We worked with Cindy from TC Swing, who was wonderful. During our first lesson, she showed us both Lindy Hop and East Coast Swing. She asked my husband which style felt more natural, and what our goals were for our dance. We settled on East Coast Swing because the basic step was easier to learn and we felt like we could learn more cool moves and feel more comfortable on the day.

As part of her wedding dance lesson package, Cindy also offers consultation on song choice and will do minor edits to get a track that works best for you! She had some suggested songs, but we wanted something that felt more like our musical style.

Jason and I have similar music taste– after we started dating we discovered there were many times we had been at the same concerts before we met, and we’re both big fans of The Current. (Fun fact: I had a mention of The Current in the first draft of my dissertation acknowledgements, but I cut it to save space. I still regret it!) The Current is a local public radio station that plays a huge variety of music, from oldies to local music to country to pop and on and on. From their website: “The Current brings listeners the best authentic new music alongside the music that inspired it, from local to legendary, indie to influential, new to nostalgic.”

Just how much do we love The Current? Well, we hired our wedding DJ through Transmission Music (founded by The Current DJ Jake Rudh). Our DJ, Shane Kramer, is now actually spinning tunes on The Current himself! Our cocktail hour and dance party music definitely had that Current vibe, and we’re grateful to Shane for making that happen.

For several weeks, both Jason and I worked on making lists of songs we might want for our first dance. My process was to think of songs I liked, and listen to The Current and write down anything that caught my ear. I think Jason’s was similar. But, many of them weren’t at the right tempo, or if they were, we’d realize the song was actually about something pretty dark. (We weren’t looking to dance to a song about a breakup or drug overdose.) There are lists of swing-tempo songs online, but none of them really spoke to us.

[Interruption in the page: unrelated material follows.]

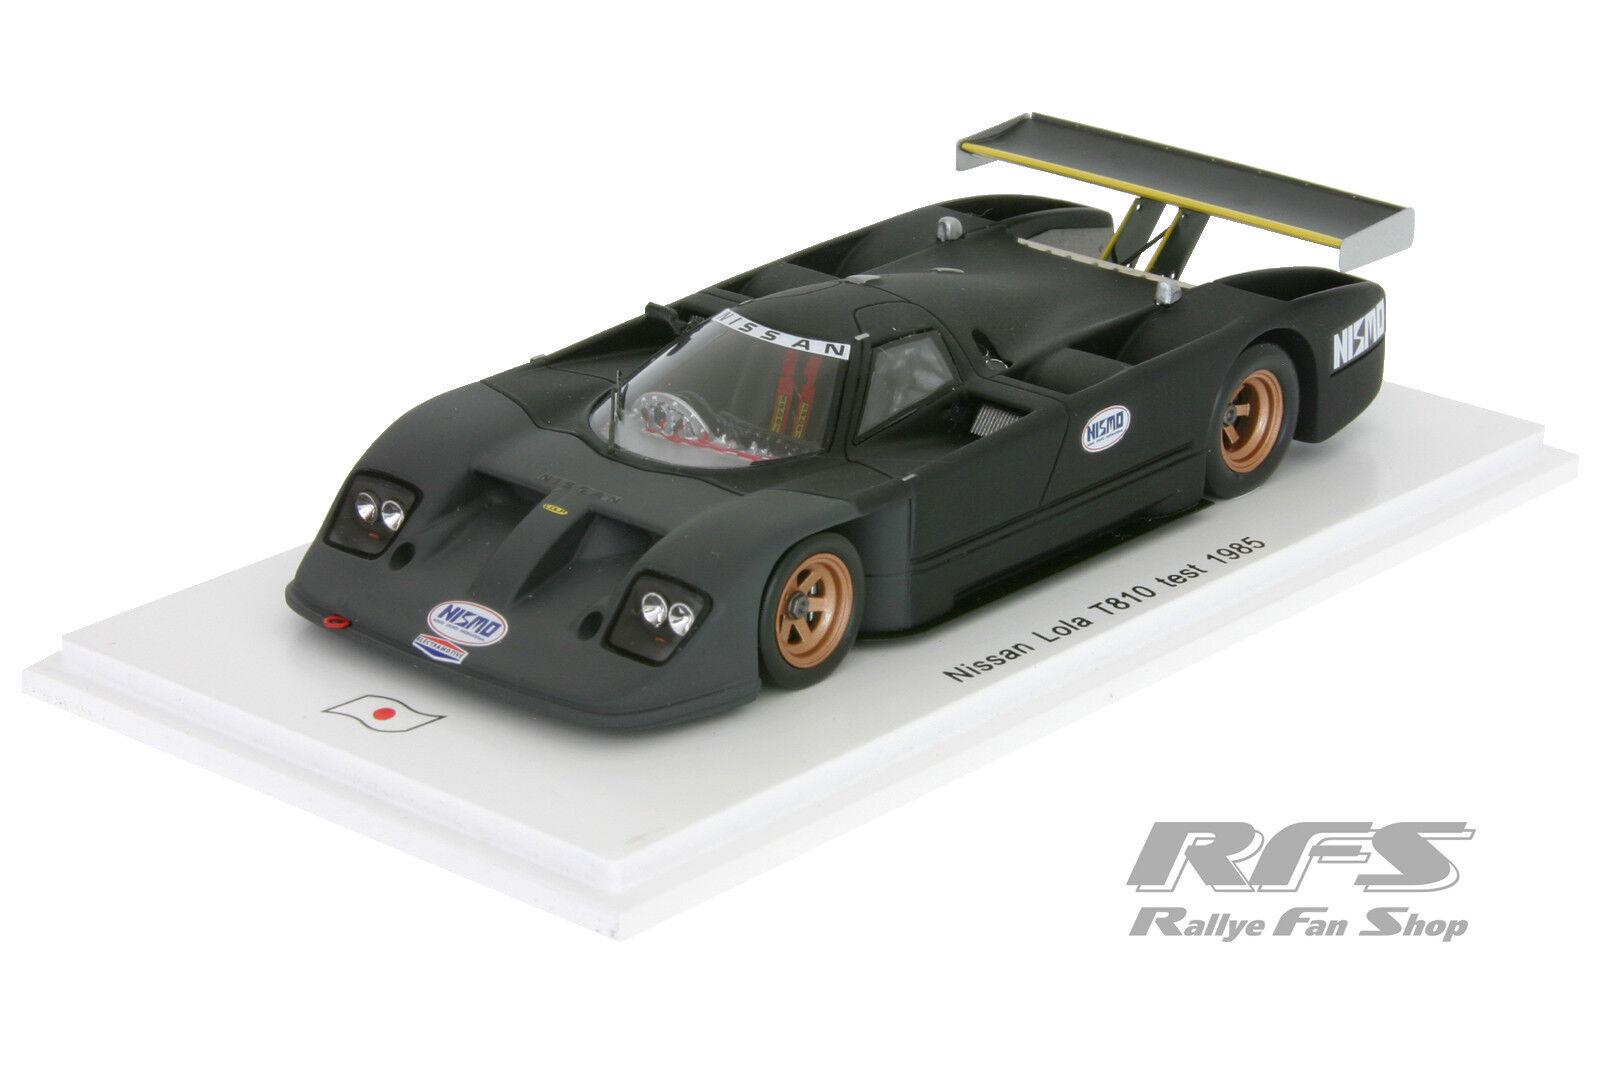 1 43 Nissan Lola t810 Test voiture-Team electramotive-IMSA 1985 Spark  sj023  choix à bas prix

So, I took to the data! I’m not sure how I stumbled on this dataset, maybe Data is Plural, but I found out that a University of Minnesota librarian named Shane Nackerud had collected data on all the songs played on The Current from approximately 2005 to 2020. Local newspaper City Pages did an article on the project at the time (though the City Pages is now defunct, so that’s an Internet Archive link). And the data is still available on Google Drive!

I played around with the data a bit, starting by looking at the mega-dataset Shane had put together of everything 2009-2018,

library(tidyverse)
library(httr)
library(stringr)
library(purrr)
library(readxl)
library(knitr)
TheCurrent <- read_csv("TheCurrent2009-2018.csv")
TheCurrent <- TheCurrent |>
  mutate(date = ymd(date))

songcounts <- TheCurrent |>
  count(Song, Artist)

top893 <- songcounts |>
  arrange(desc(n)) |>
  slice(1:893)

In the Twin Cities, The Current broadcasts on 89.3 FM, so they often do “top 893” promotions, like the top 893 albums, 893 essential songs of the 90s and 893 essential bands. All of these promos are based on popular votes from the community, not actually the most-played songs or bands. This is a cool way to do things (kind of the opposite of top 40!) but I thought I’d take a look at the data as well.

top893 |>
  slice(1:10) |>
  kable()
Song Artist n
Communist Daughter - Not The Kid Communist Daughter 541
Edward Sharpe And The Magnetic Zeros - Home Edward Sharpe And The Magnetic Zeros 533
The National - Bloodbuzz Ohio The National 532
The Lumineers - Ho Hey The Lumineers 526
Foster The People - Pumped Up Kicks Foster The People 501
Of Monsters And Men - Little Talks Of Monsters And Men 492
The Heavy - How You Like Me Now? The Heavy 489
Animal Collective - My Girls Animal Collective 488
LCD Soundsystem - Dance Yrself Clean LCD Soundsystem 484
JD McPherson - North Side Gal JD McPherson 476

Maybe this top 10 list will give you a flavor of the station. This top 893 song list by airplay was all songs that were very familiar to me and my husband, because we are daily listeners to the radio station. But, the list wasn’t that helpful for picking a first dance, because those songs are at all sorts of un-useful tempos for swing dancing.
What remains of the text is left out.